2. The method for rapid identification of single soybean varieties based on a portable fiber optic spectrometer according to claim 1, characterized in that, The multiple measurement points in step (1) are four measurement points set based on different surface structure regions of a single soybean grain. The four measurement points are the hilum, the back of the hilum, the side, and the top region. Four near-infrared diffuse reflectance spectra are collected for each soybean grain at the four measurement points. In step (3), these four near-infrared diffuse reflectance spectra are used as four instance samples in the same package-level sample. The near-infrared spectrum is collected using a near-infrared fiber optic spectrometer in diffuse reflectance mode. The wavelength range is 1600nm to 2400nm. Each spectrum contains 200 data points. The single acquisition exposure time is 1.27ms. After multiple scans of each measurement point, the average value is taken as the final spectrum of that measurement point.

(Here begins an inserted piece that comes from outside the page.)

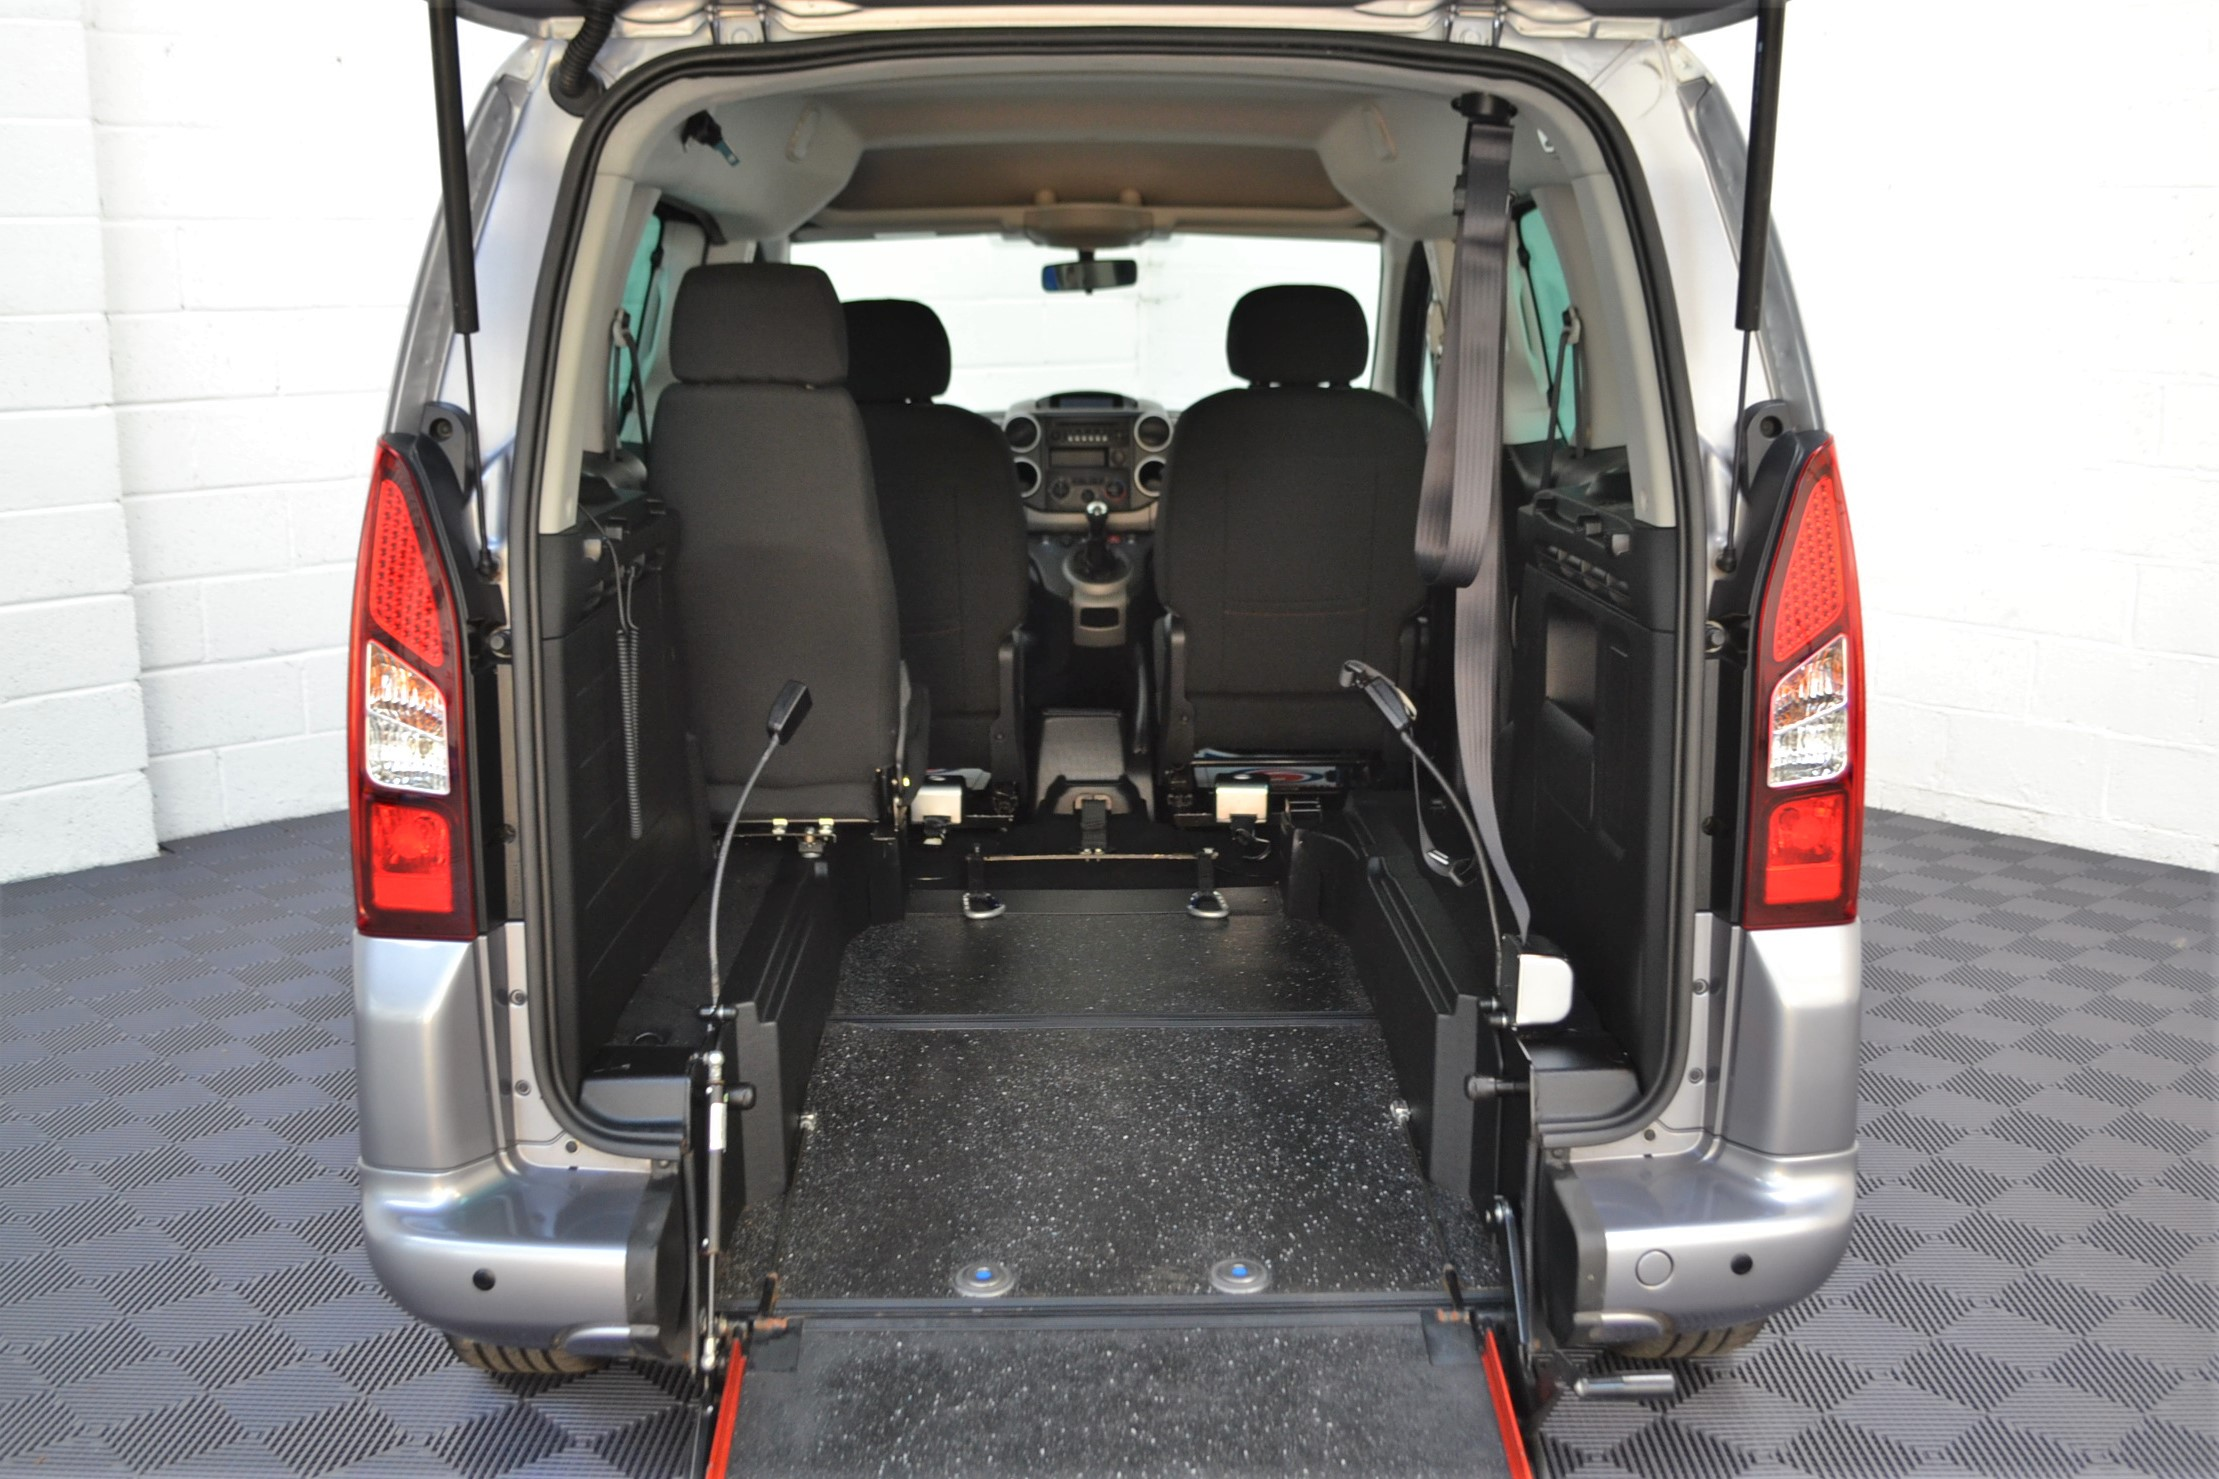 WAV Cars For Sale Bristol Wheelchair Accessible Vehicles Used For Sale Somerset Devon Dorset Bath Peugeot Partner SD17 OZL 9

3. The method for rapid identification of single soybean varieties based on a portable fiber optic spectrometer according to claim 1, characterized in that, The gated attention aggregation module in step (5) adopts a dual-branch structure based on content branch and gated branch. The content branch is processed through a linear layer and then a tanh function is applied to extract semantic responses related to category discrimination. The gated branch is processed through a linear layer and then a sigmoid function is applied to generate a gated signal that selectively modulates the semantic responses. The dual-branch outputs are multiplied element-wise and then linearly mapped to obtain the first... k Attention score at measurement points r ik And using temperature coefficient τ The softmax function normalizes the attention scores at each measurement point to obtain the attention weights corresponding to each measurement point. a ik Its expression is: (1)。 4. The method for rapid identification of single soybean varieties based on a portable fiber optic spectrometer according to claim 1, characterized in that, The additive angular margin loss in step (6) includes the following processing steps: L2 normalization is performed on the packet-level representation and the prototype vectors of each category so that the classification is based on the normalized feature direction; During the training phase, an additive angular margin is introduced only for the classification output corresponding to the true class, and a scaling factor is used to scale the classification output. The classification output during the training phase satisfies the following: (2) in, For the first i The sample corresponds to the first c Class-based output, s As a scale factor, m For additive angular intervals, θ i The angle between the normalized package-level representation and the category prototype vector. y i For the first i The true category of each sample; During the inference phase, a score is assigned based on the cosine similarity between the normalized bag-level representation and the normalized category prototype vector, and the category with the highest score is output.